Data provided =>
=== Begin Enclosure ===
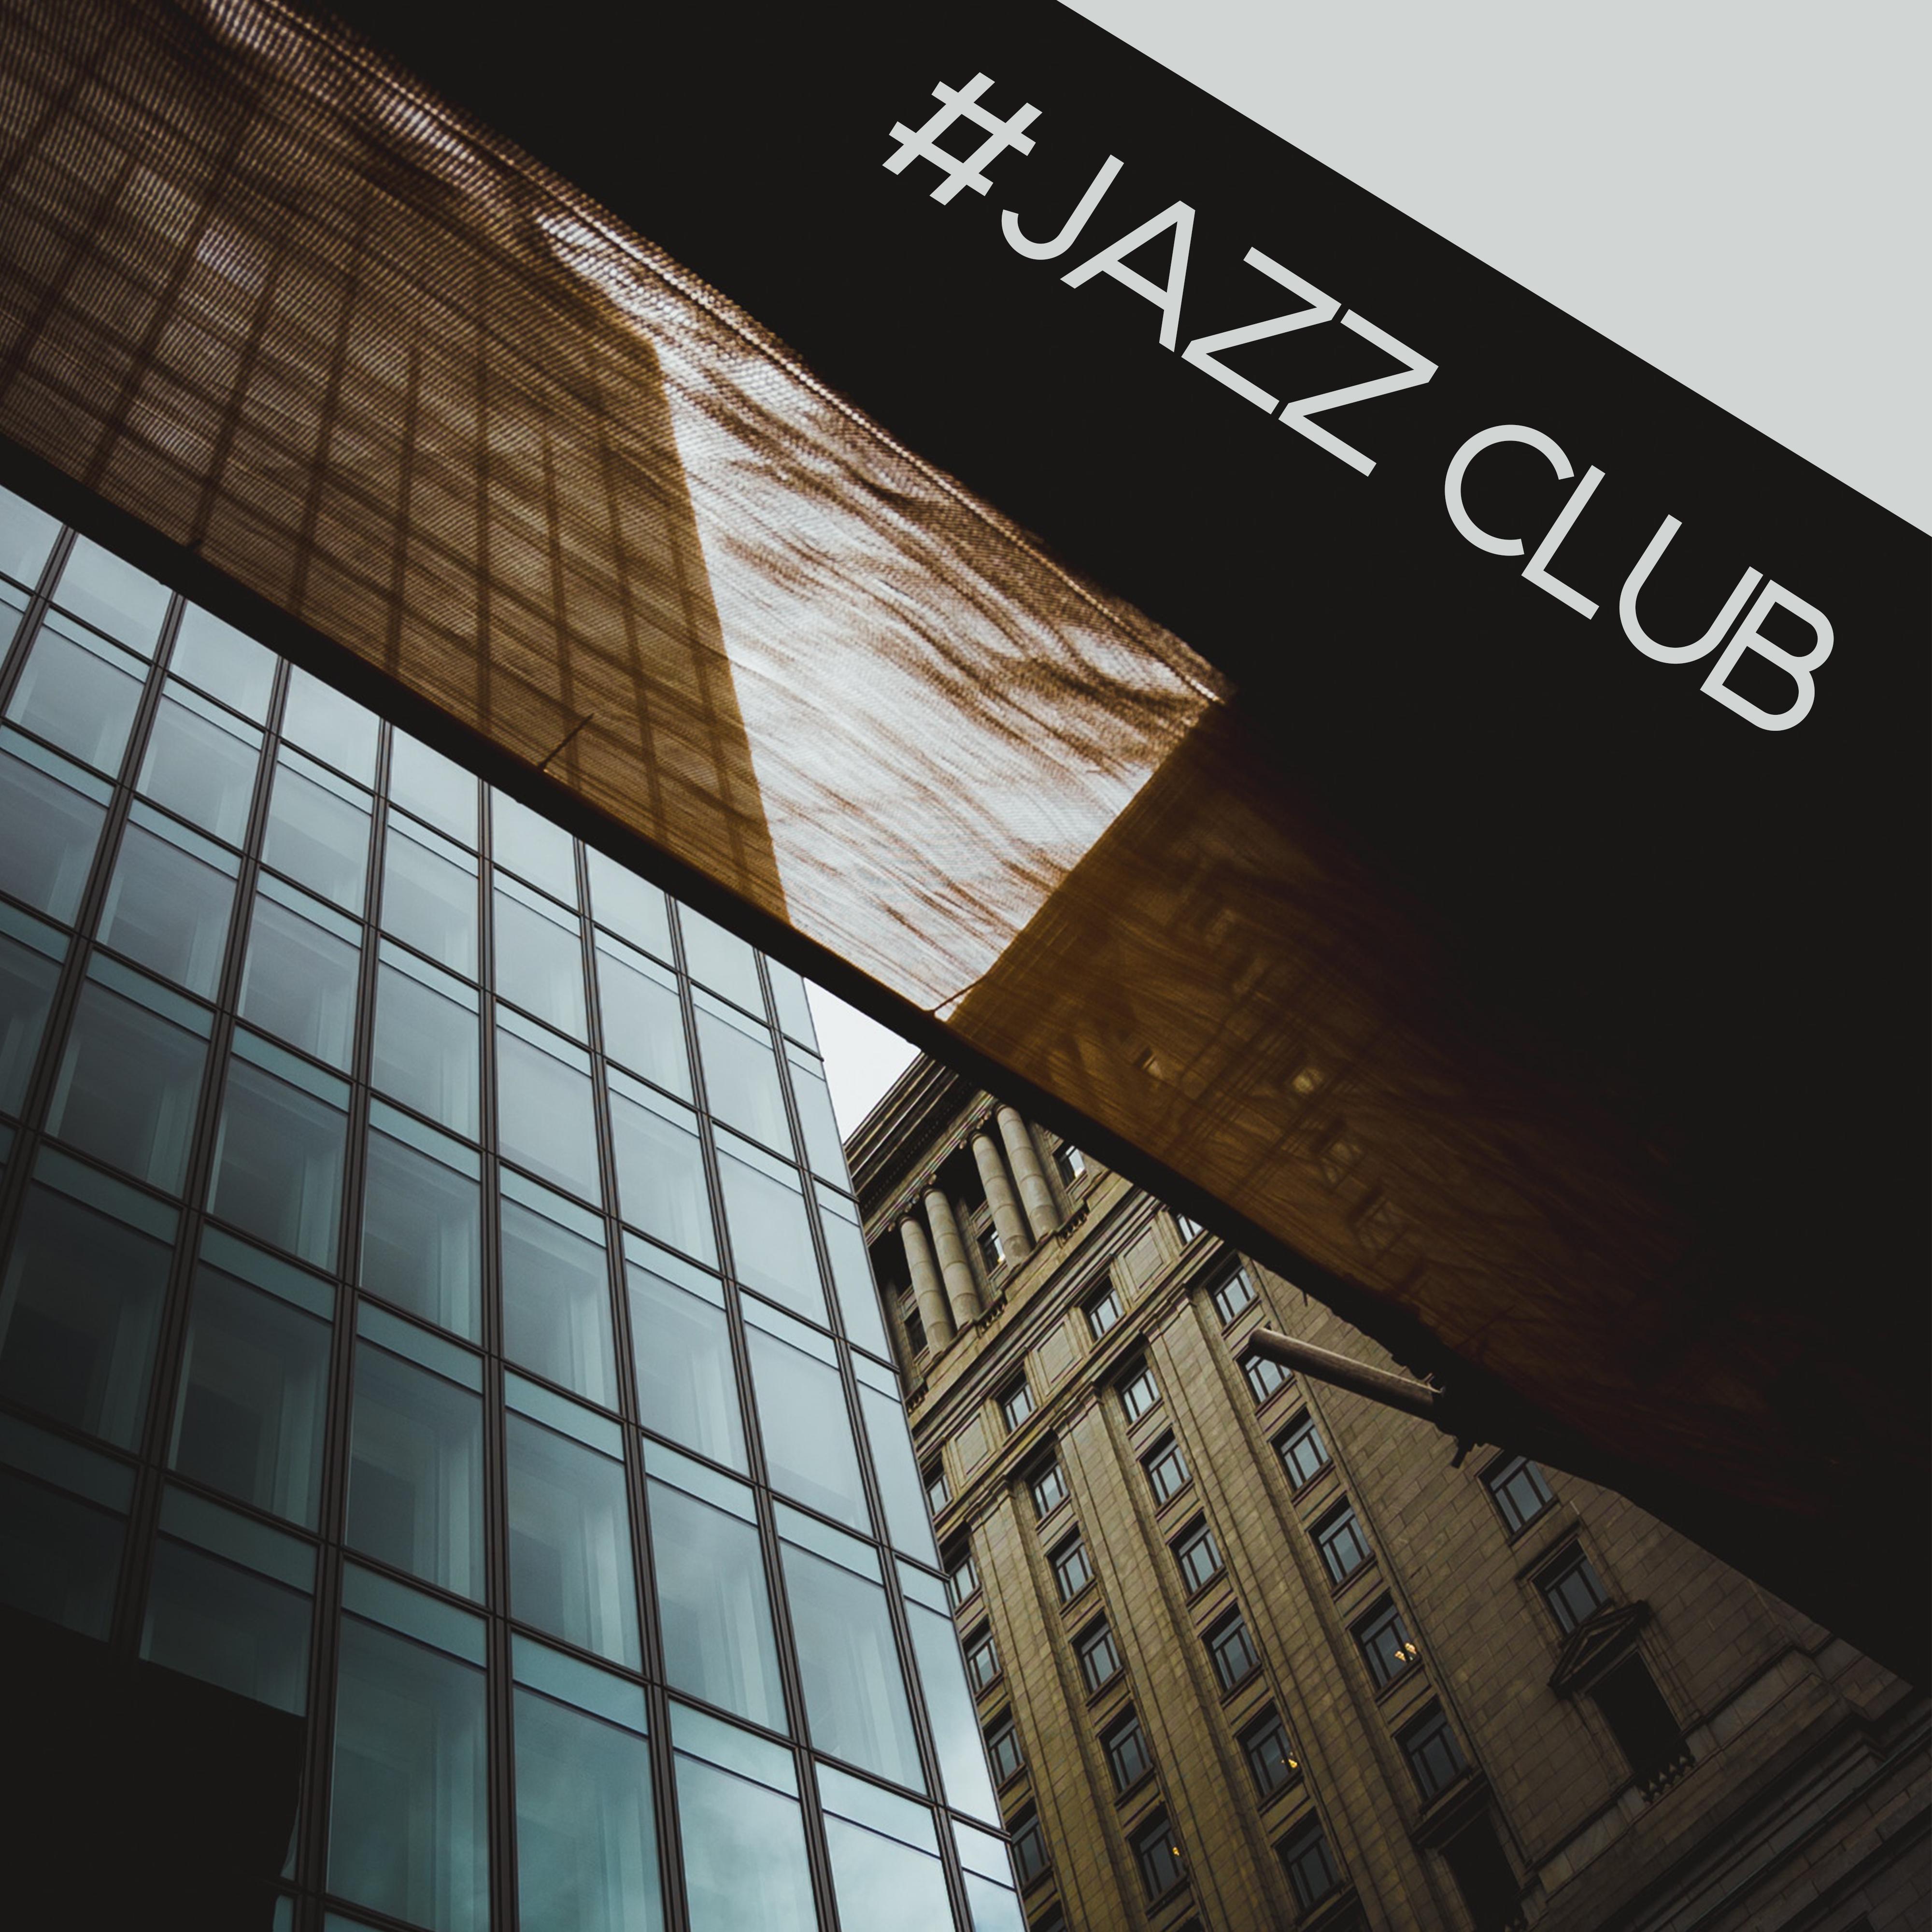 #Jazz Club
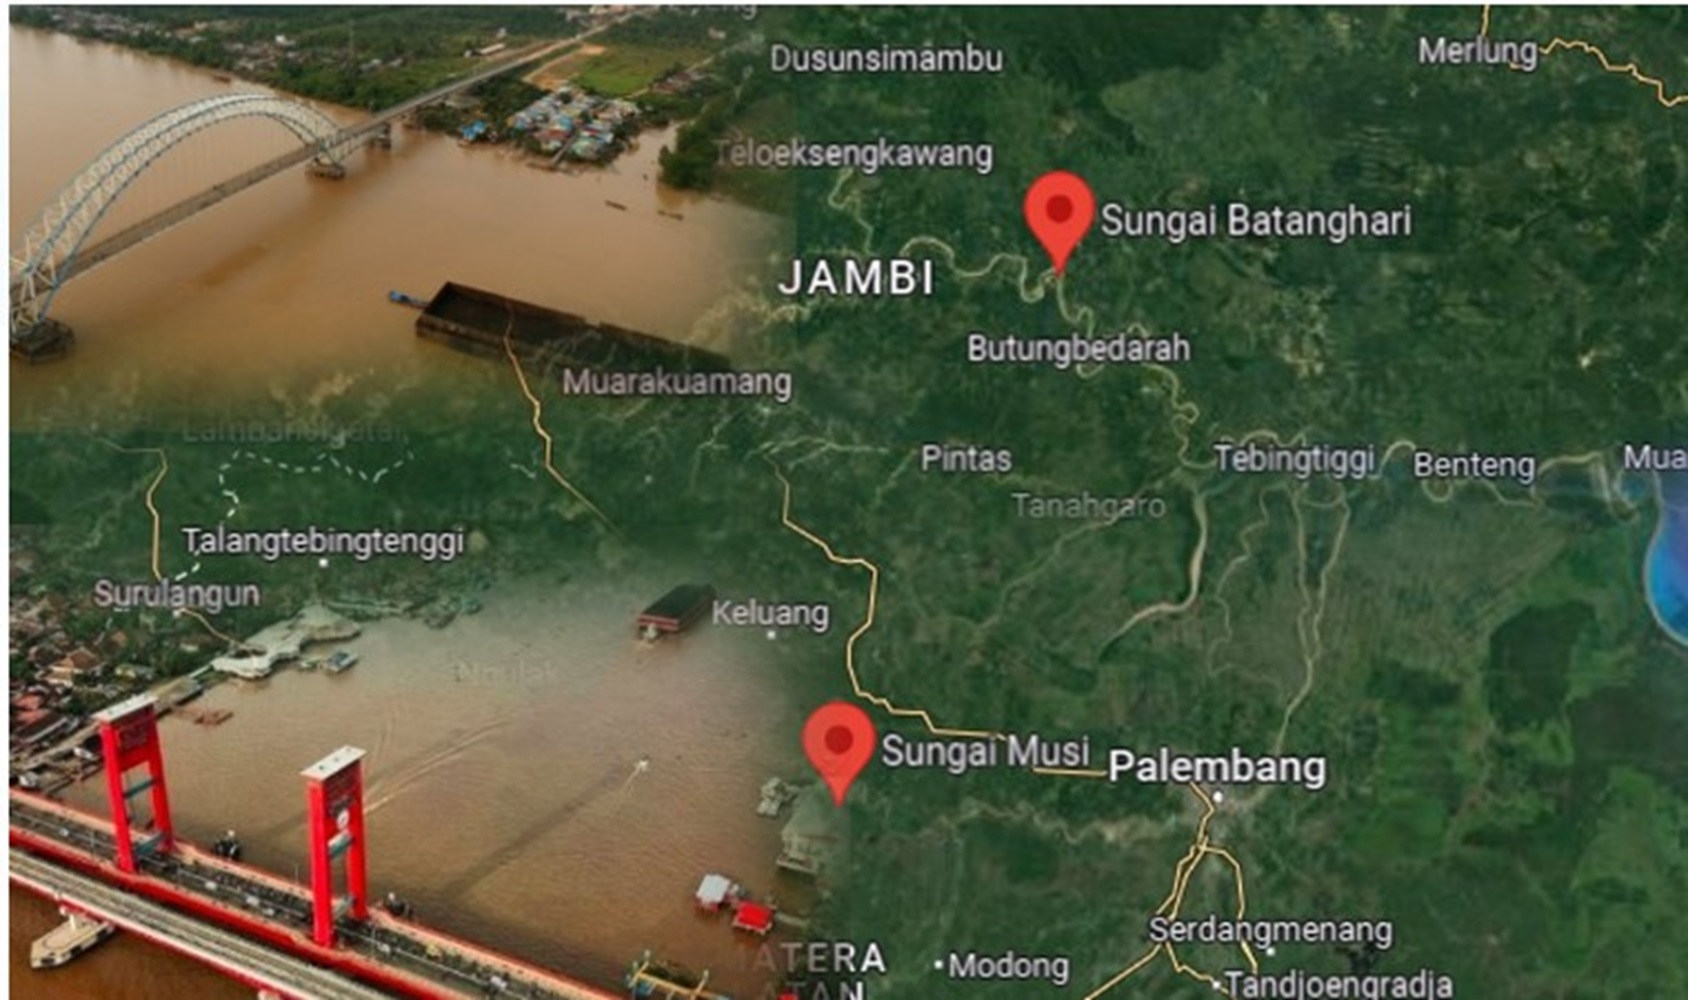 5 Sungai Terpanjang di Sumatera, Ada Sungai Batang Hari dan Sungai Musi di Palembang 
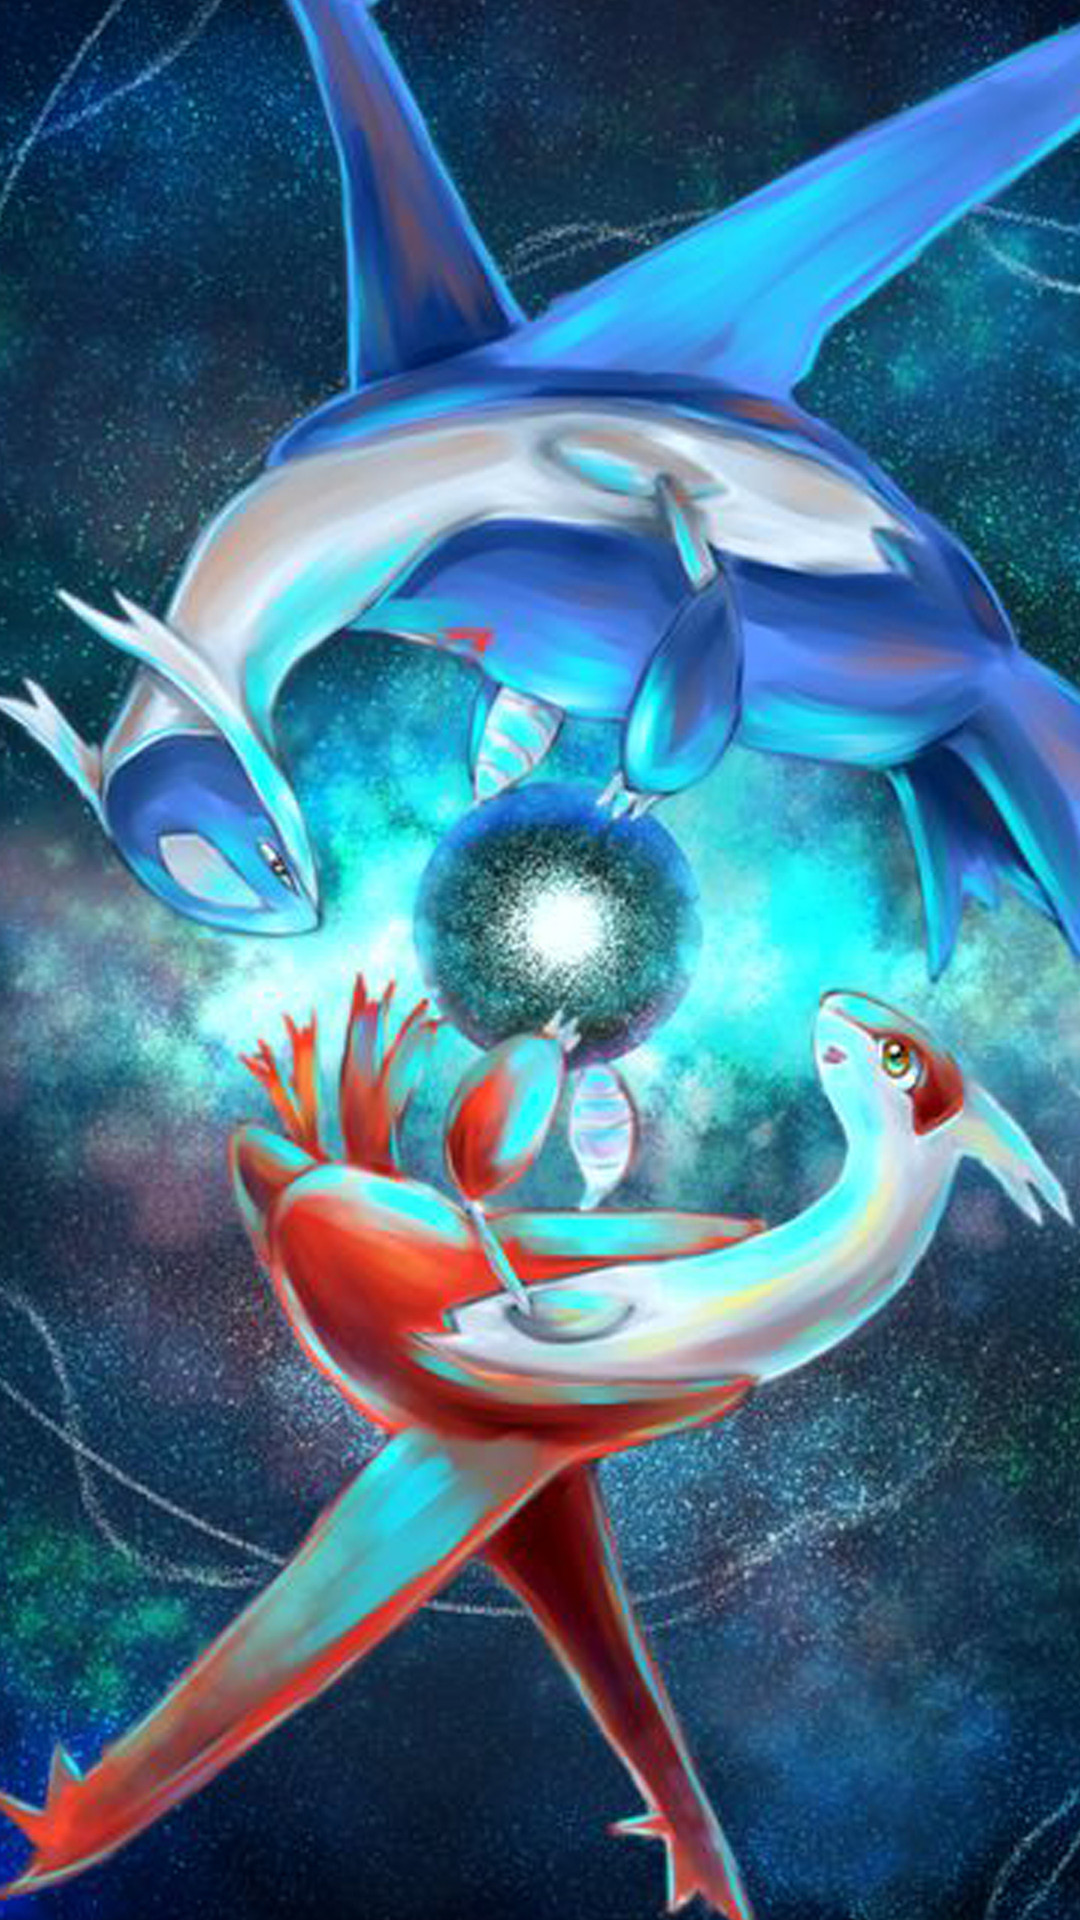 fond d'écran de téléphone pokemon,dauphin,mammifère marin,biologie marine,illustration,bleu électrique
=== End Enclosure ===
Exclude the pictures. Write out the remaining data exactly.

Completed task =>
 #Jazz Club
 5 Sungai Terpanjang di Sumatera, Ada Sungai Batang Hari dan Sungai Musi di Palembang 
 fond d'écran de téléphone pokemon,dauphin,mammifère marin,biologie marine,illustration,bleu électrique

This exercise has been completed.